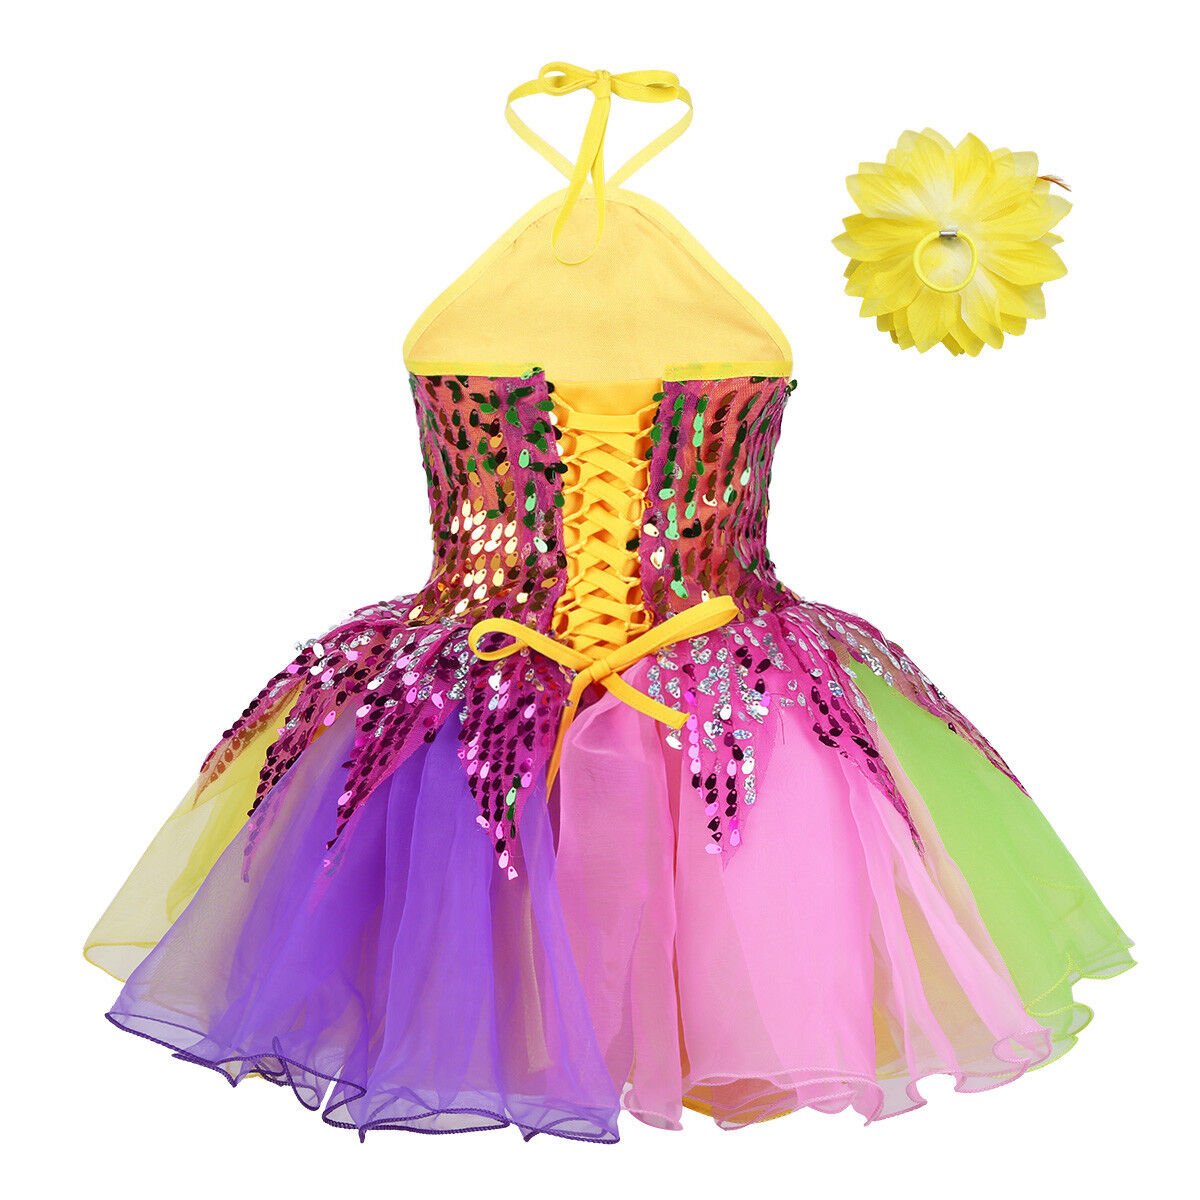 UK Kids Tutu Dress Floral Latin Dance Girls Sequins Costume Jazz Leotard Skirt
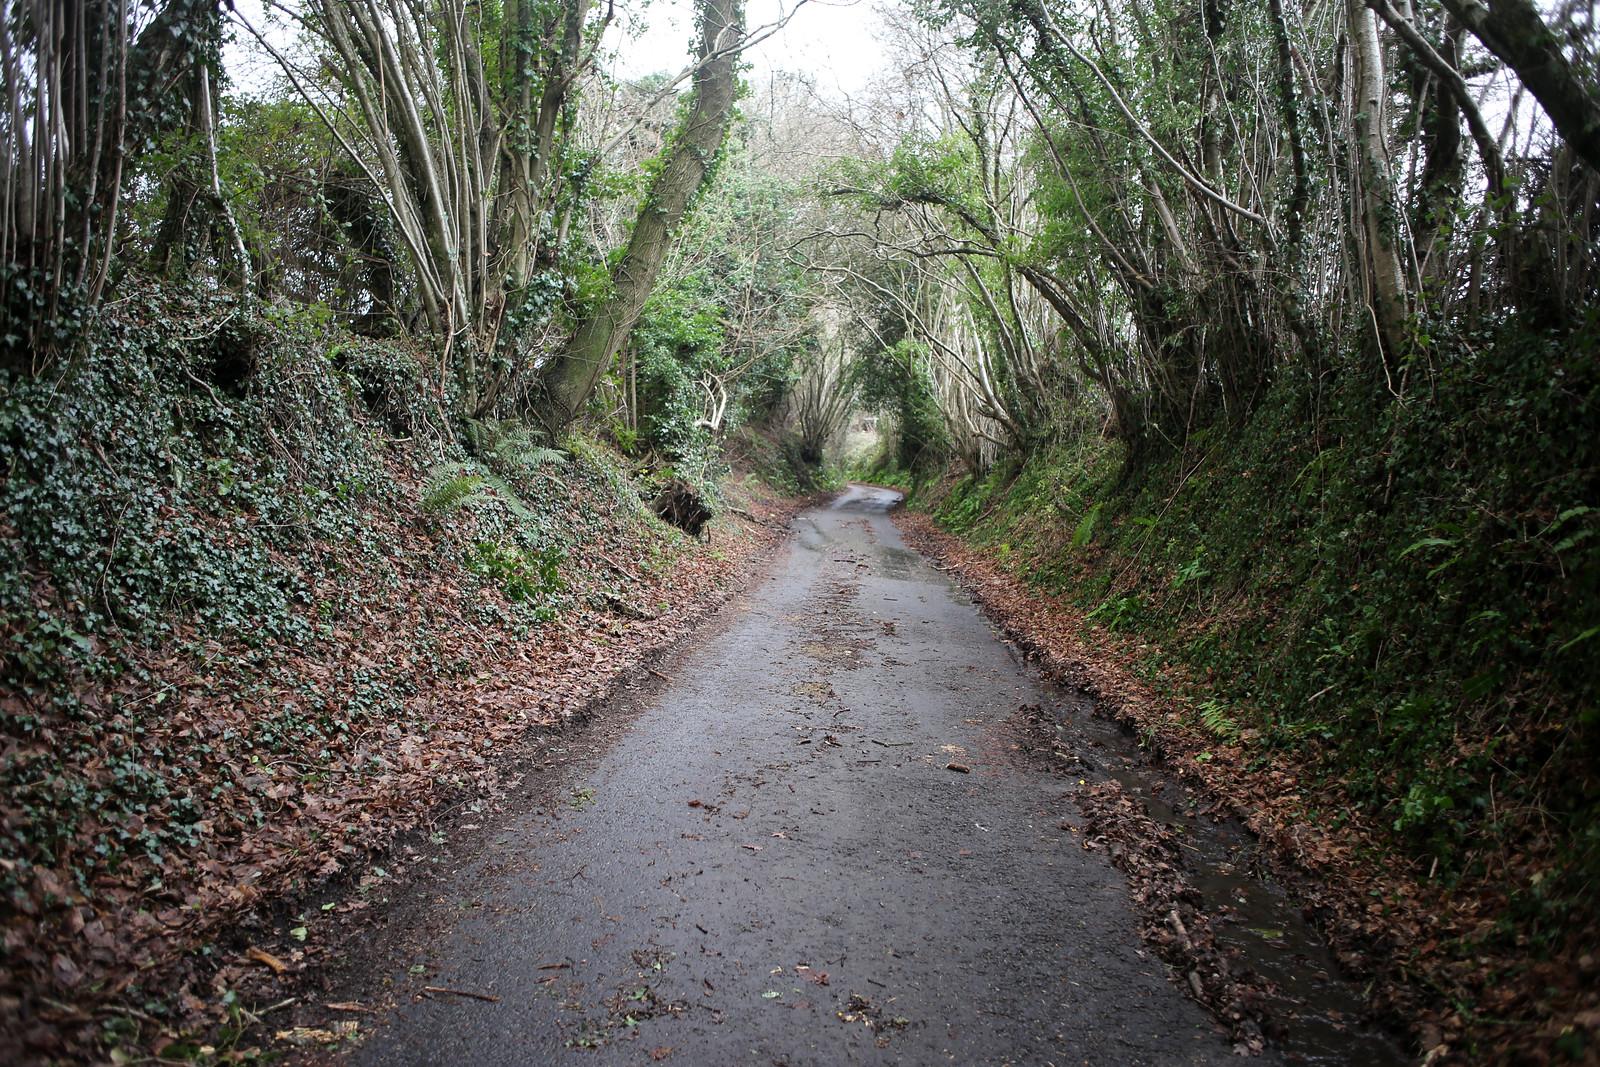 Road near Hawkley
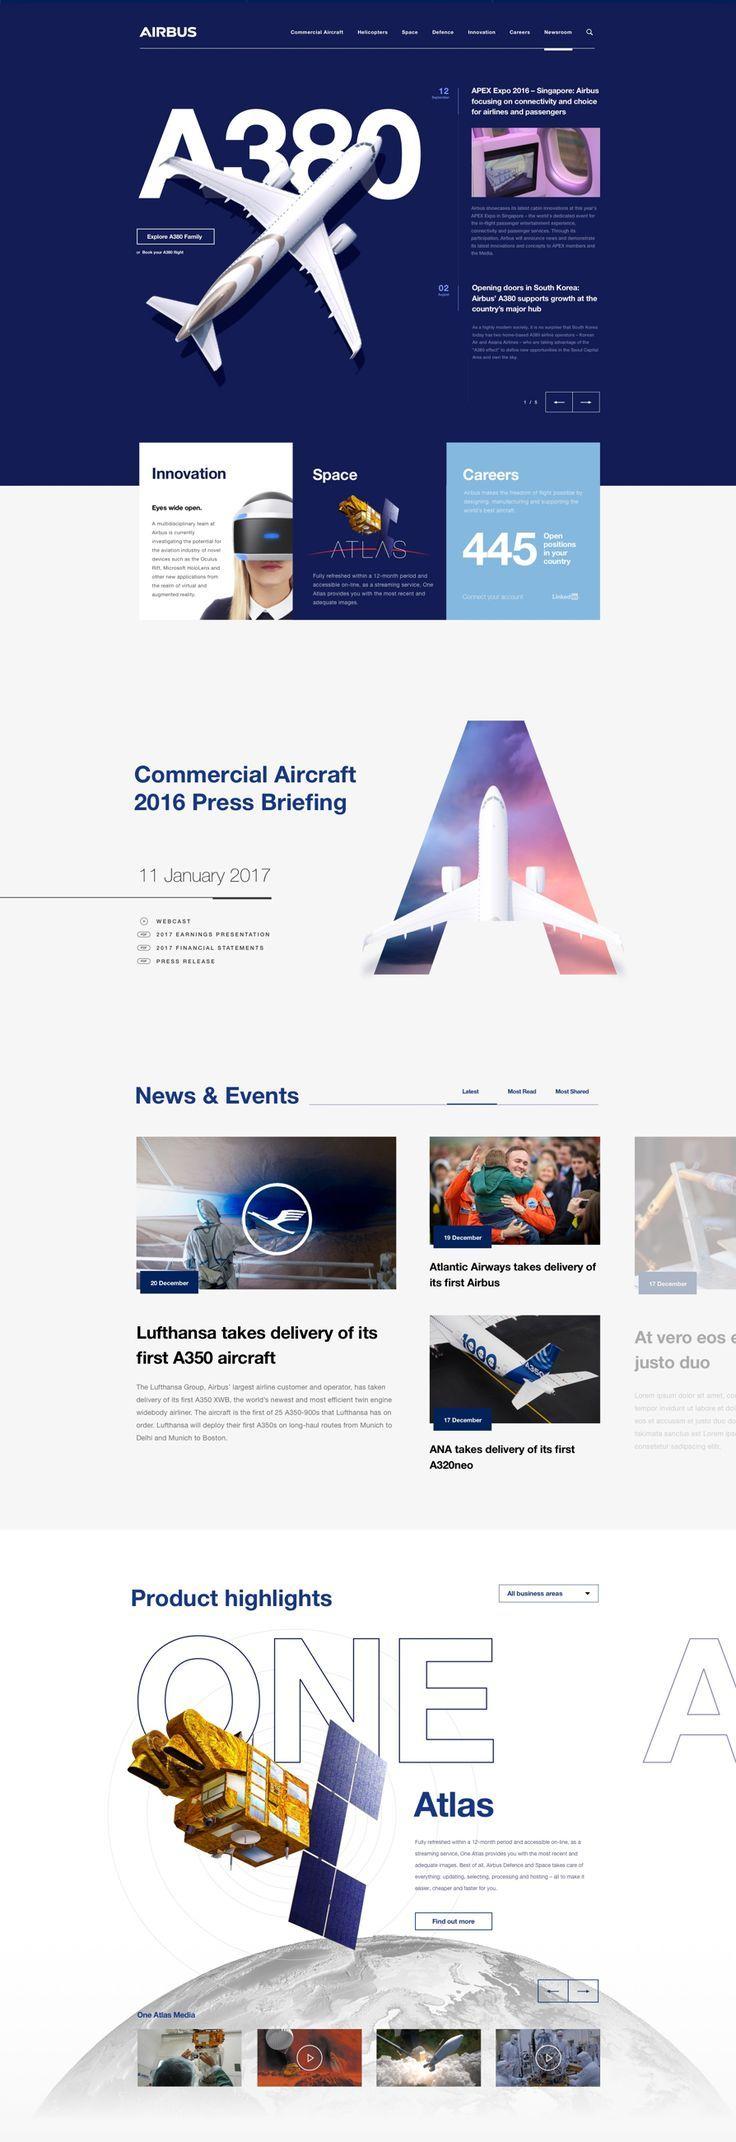 Web Webdesign Design Layout Grid Behance Net Gallery 64562577 Href Design Types

········

WORK ITEM: Leave out the pictures and output the rest of the material exactly as written.

TASK SOLUTION:
 UK Kids Tutu Dress Floral Latin Dance Girls Sequins Costume Jazz Leotard Skirt
 Road near Hawkley
 Web Webdesign Design Layout Grid Behance Net Gallery 64562577 Href Design Types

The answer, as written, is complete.